TASK ITEM: When you restate the data, keep every word as it is and drop the images.

PROVIDED MATERIAL:

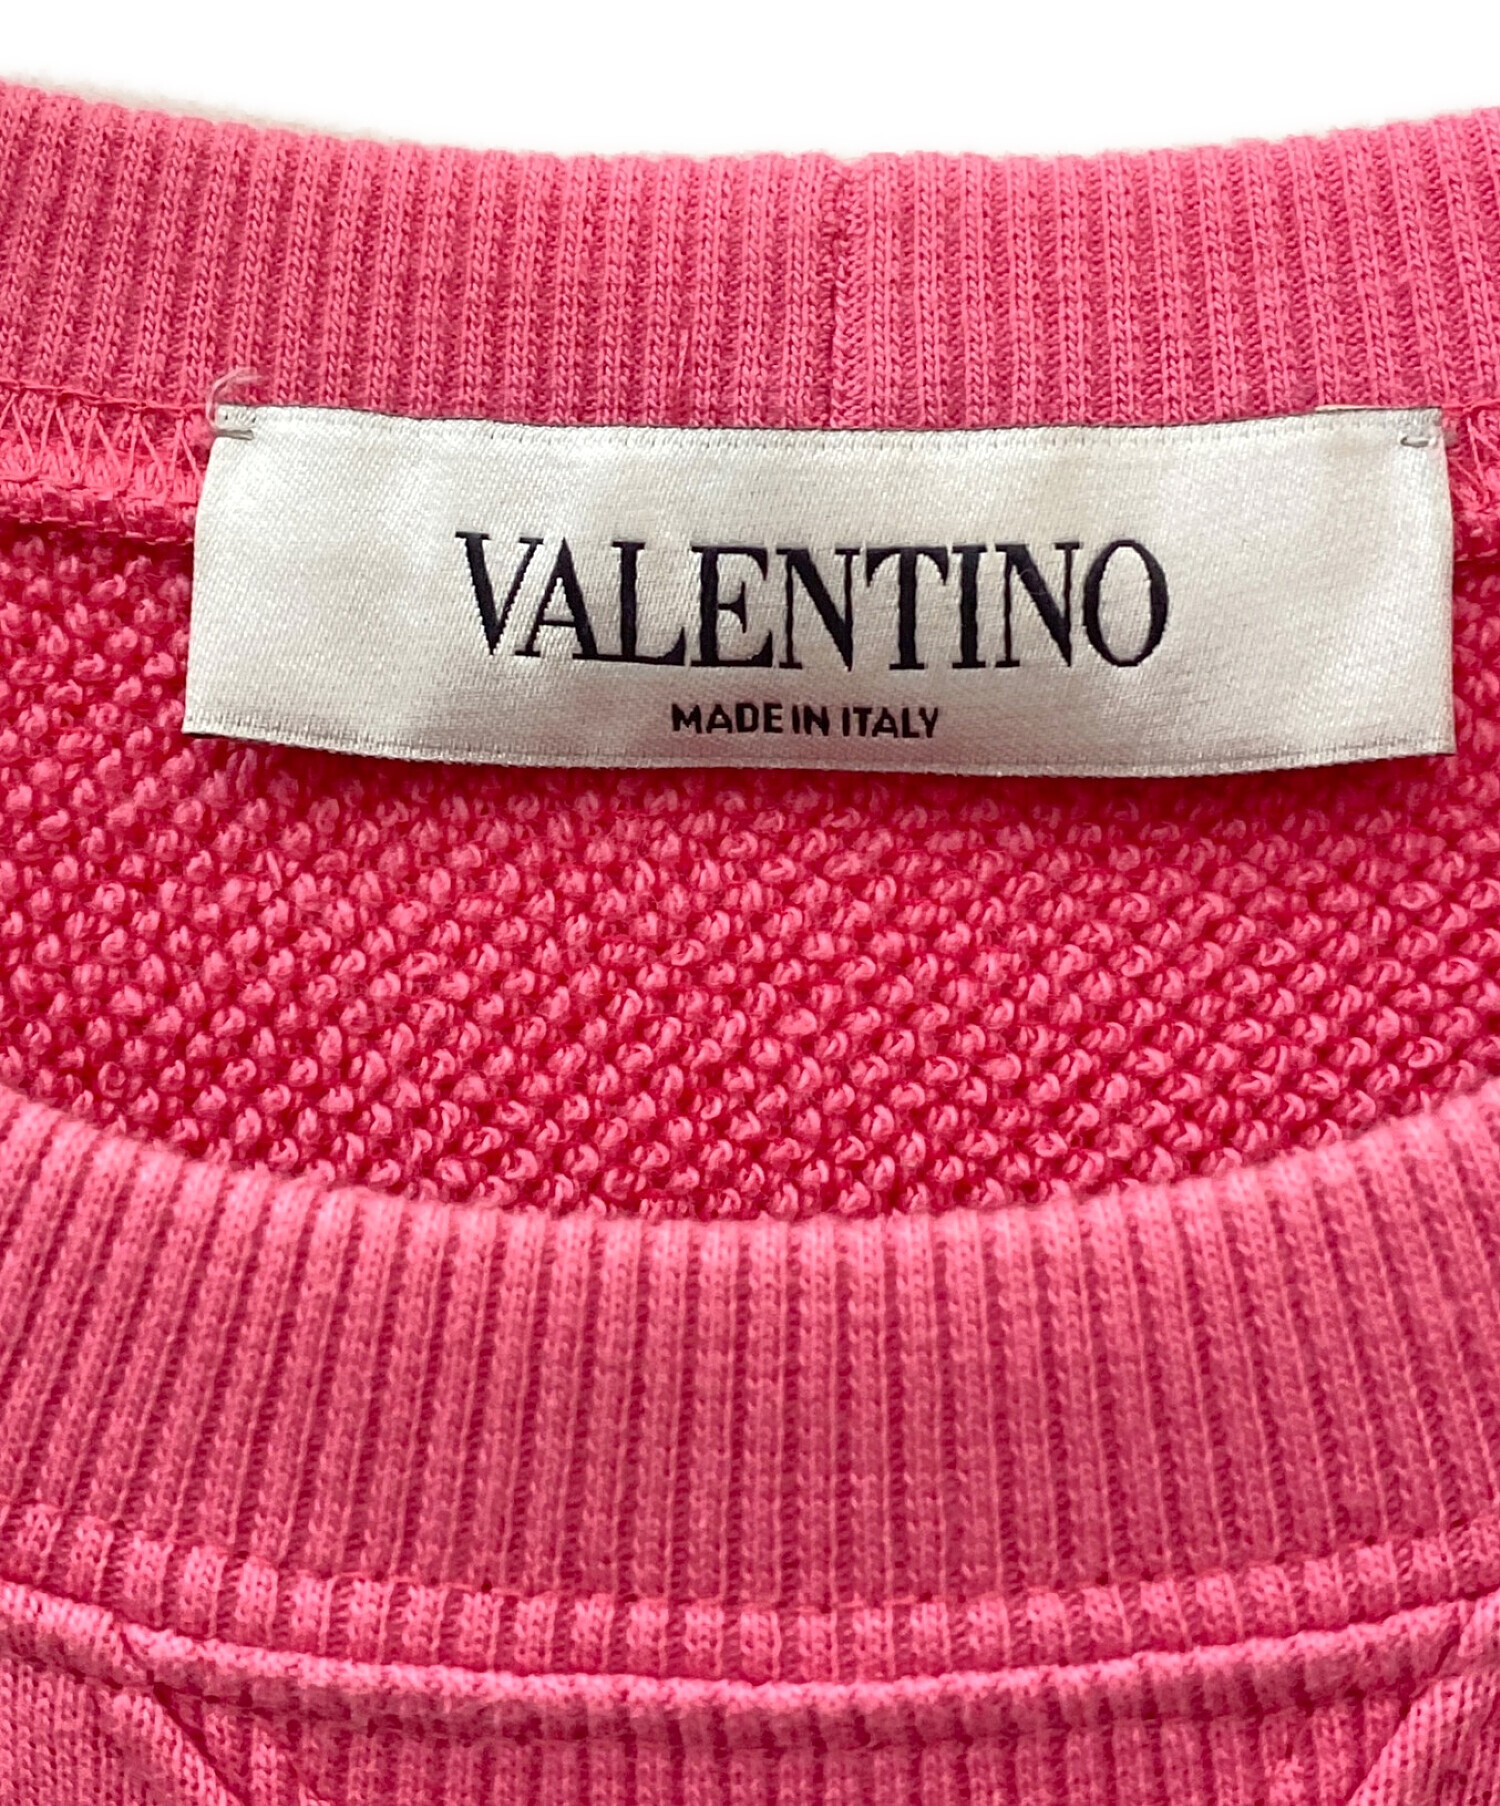 VALENTINO (ヴァレンティノ) VLTNラグランスウェット ピンク サイズ:S
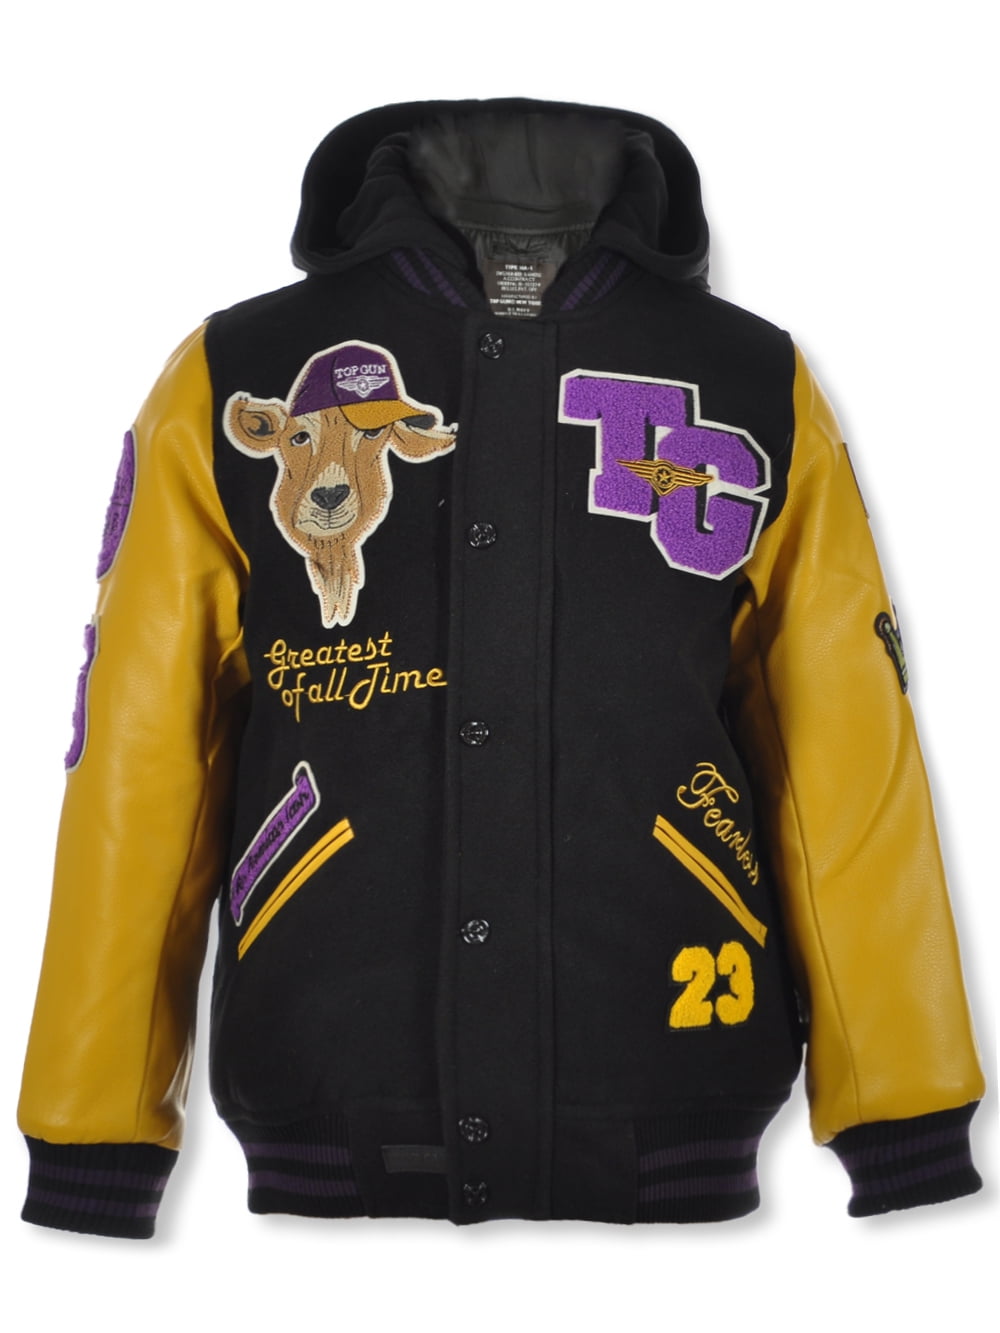 Top Gun Boys\' GOAT Varsity Jacket - yellow/purple, 18 (Big Boys)
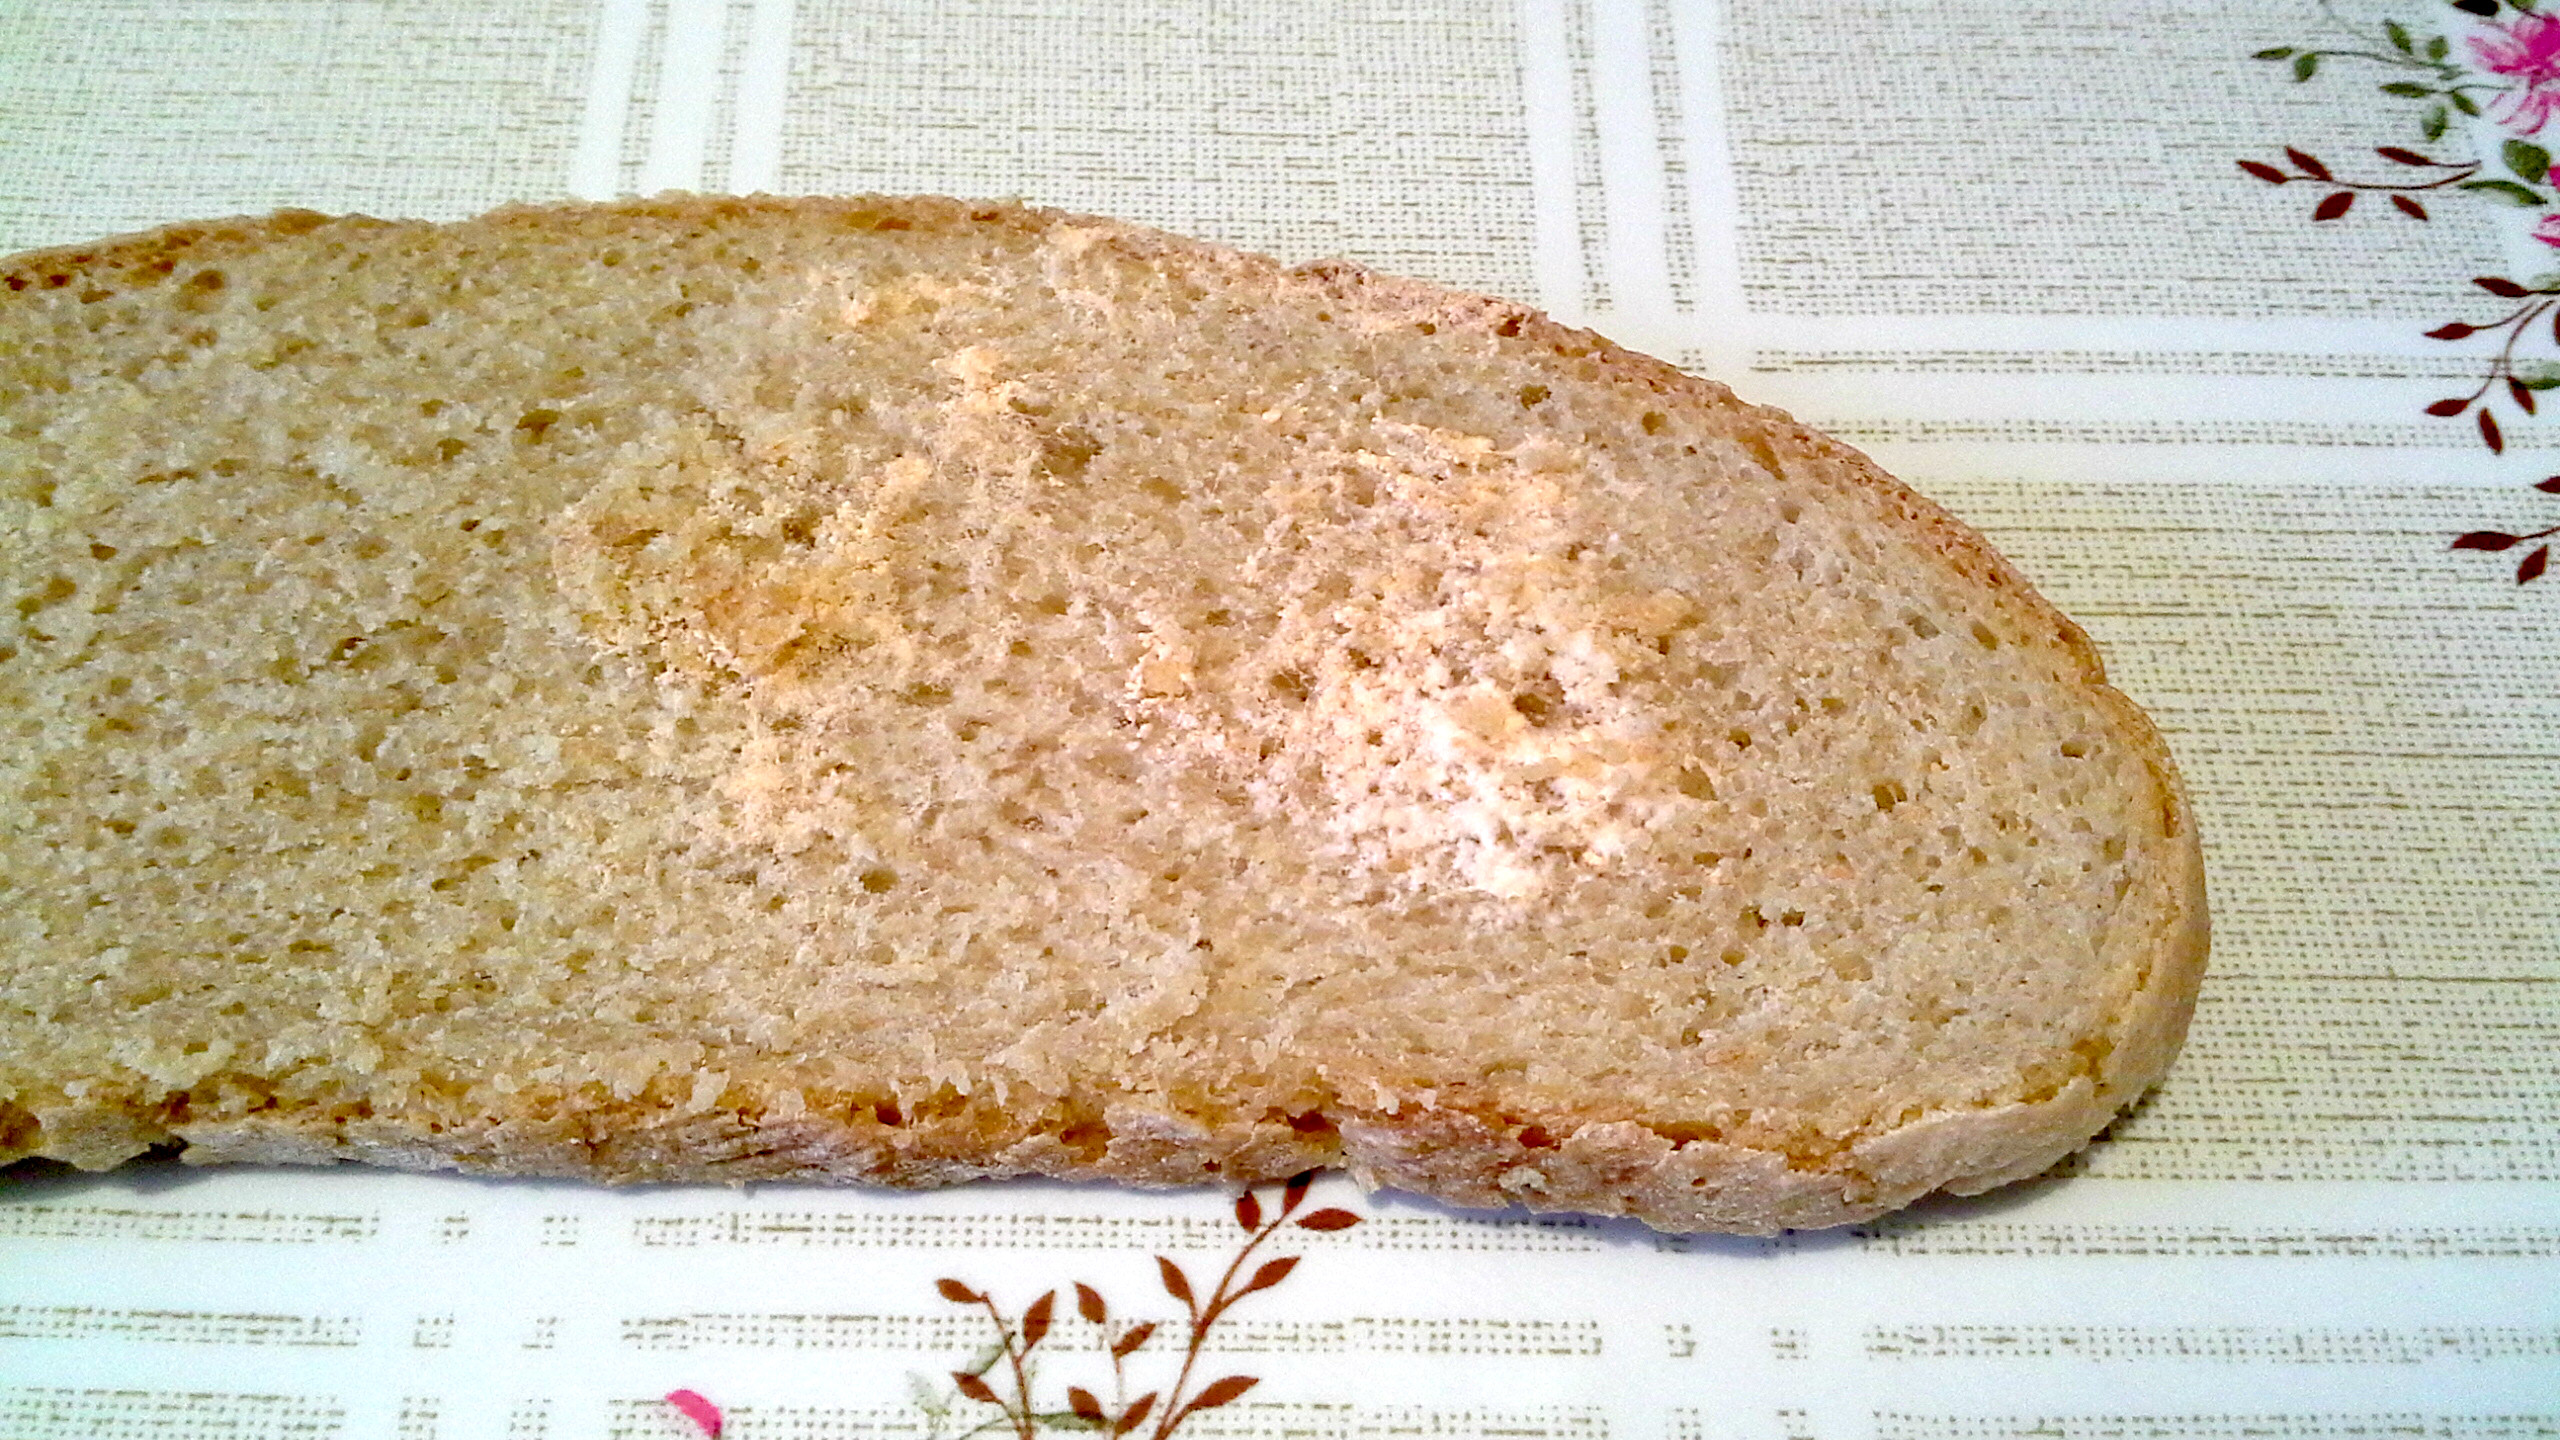 Металлическая болезнь хлеба фото

PROBLEM SOLUTION:
 VALENTINO (ヴァレンティノ) VLTNラグランスウェット ピンク サイズ:S
 Top Gun Boys\' GOAT Varsity Jacket - yellow/purple, 18 (Big Boys)
 Металлическая болезнь хлеба фото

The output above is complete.